# finally a gopro!!



## talleyman01 (Jul 13, 2011)

ok guys looking for some help on now that i have a gopro hero 2 what do i do now? i see everyone "edits" their video what and how do you do that. Do i have to buy a program or is it something I can do on my computer? I have a brand new laoptop if that makes any difference. Ive gone to the website but it dosent say anything. thanks in advance


----------



## DLB (Oct 8, 2009)

Yes, you will need software. My GoPro came with editing software, or at least the option to download it (can't remember), but I use iMovie for everything I do.


----------



## NMKawierider (Apr 11, 2009)

Yeah like DLB says you need editing software. There are lots out there but you will also need a computer that has the stones to do it. My dual-core laptop works but my new XPS Dell with the i7 processor, upgraded graphics card and memory is a hole other story. I use two different programs depending on the level of editing I want to do. But you decide what's best for you. I would start with a basic editing program and get the basics down first, then go for a more pro-type program later. The easy/cheapy I use is VideoPad. The better one I use is Adobe Premier Elements 10.

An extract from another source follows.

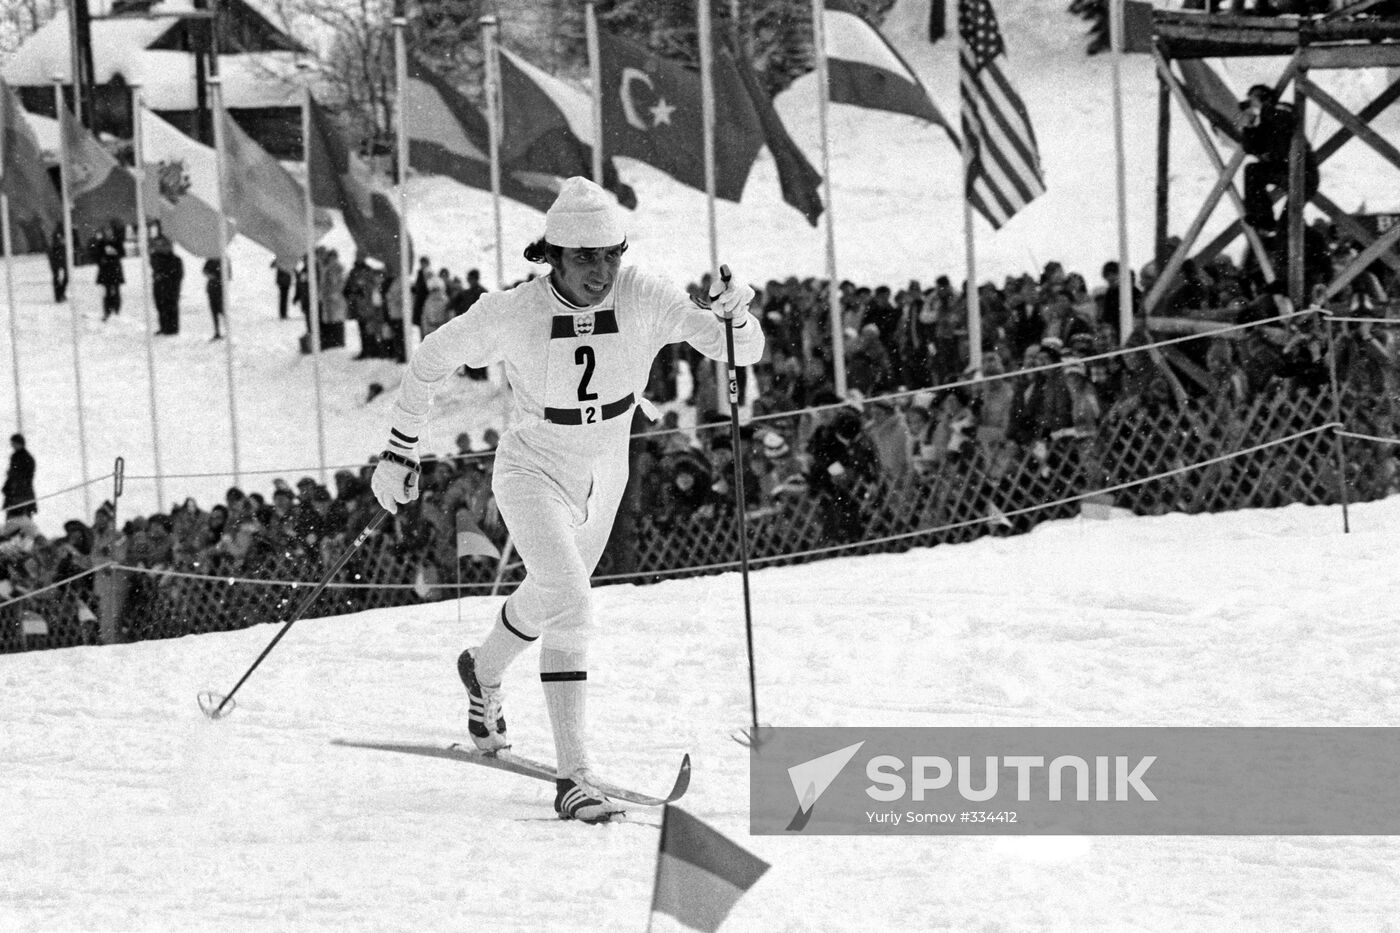 XII Olympic Winter Games in Innsbruck

There is a thread on best video editing software here. Just do a search.


----------



## adam6604 (Feb 5, 2012)

In my opinion just use your windows movie maker until you get more used to everything. No sense diving in deep with something super confusing. Wmm does all the basics you'll need to get learning.

Sent from my SGH-I747M using Tapatalk 2


----------



## talleyman01 (Jul 13, 2011)

so the windows movie one is that on the computer already or something tobuy?


----------



## Southernmuddjunkie (Mar 27, 2012)

I have been using Pinnacle HD studios. Its a great one to get started with. Its user friendly and produces great video. 

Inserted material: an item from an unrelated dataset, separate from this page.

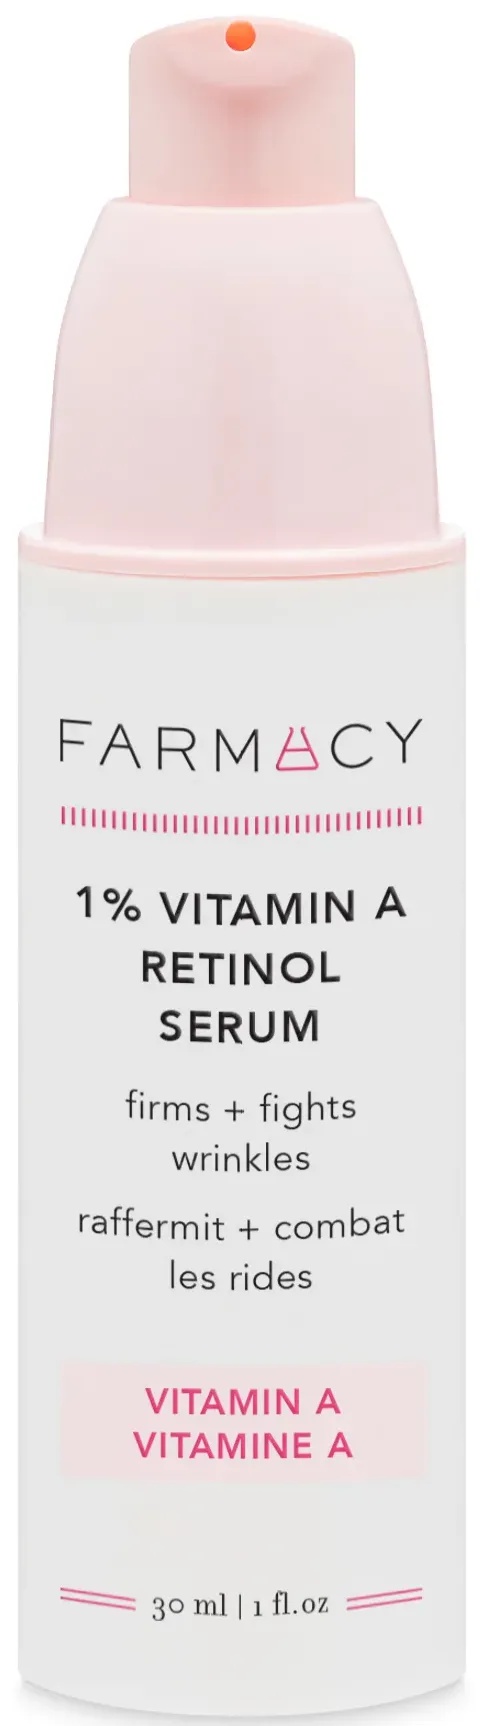 Farmacy 1% Vitamin A Retinol Serum

I now have Power Director Ultra 10. This software is more advanced but has a TON of features to go with it!

Like said above if you do purchase a software make SURE you computer is compatiable with it and has the hard drive to run it.


----------



## NMKawierider (Apr 11, 2009)

talleyman01 said:


> so the windows movie one is that on the computer already or something tobuy?


Many come with it. Just look in the programs and see if its there.


----------



## Litenyaup (Aug 28, 2011)

Gopro's web site has a free download I use. Very easy and works well


----------



## walker (Apr 5, 2009)

i want a goppro but the video's ive seen on youtube if you dont have music the sound of the exhuast makes for an annoying video..


----------



## talleyman01 (Jul 13, 2011)

ok s been playng with the gopro and i have a question if im doing something wrong. My battery only lasts about hr and half beforeits dead? is tha normal or do i need to change the settings? thanks


----------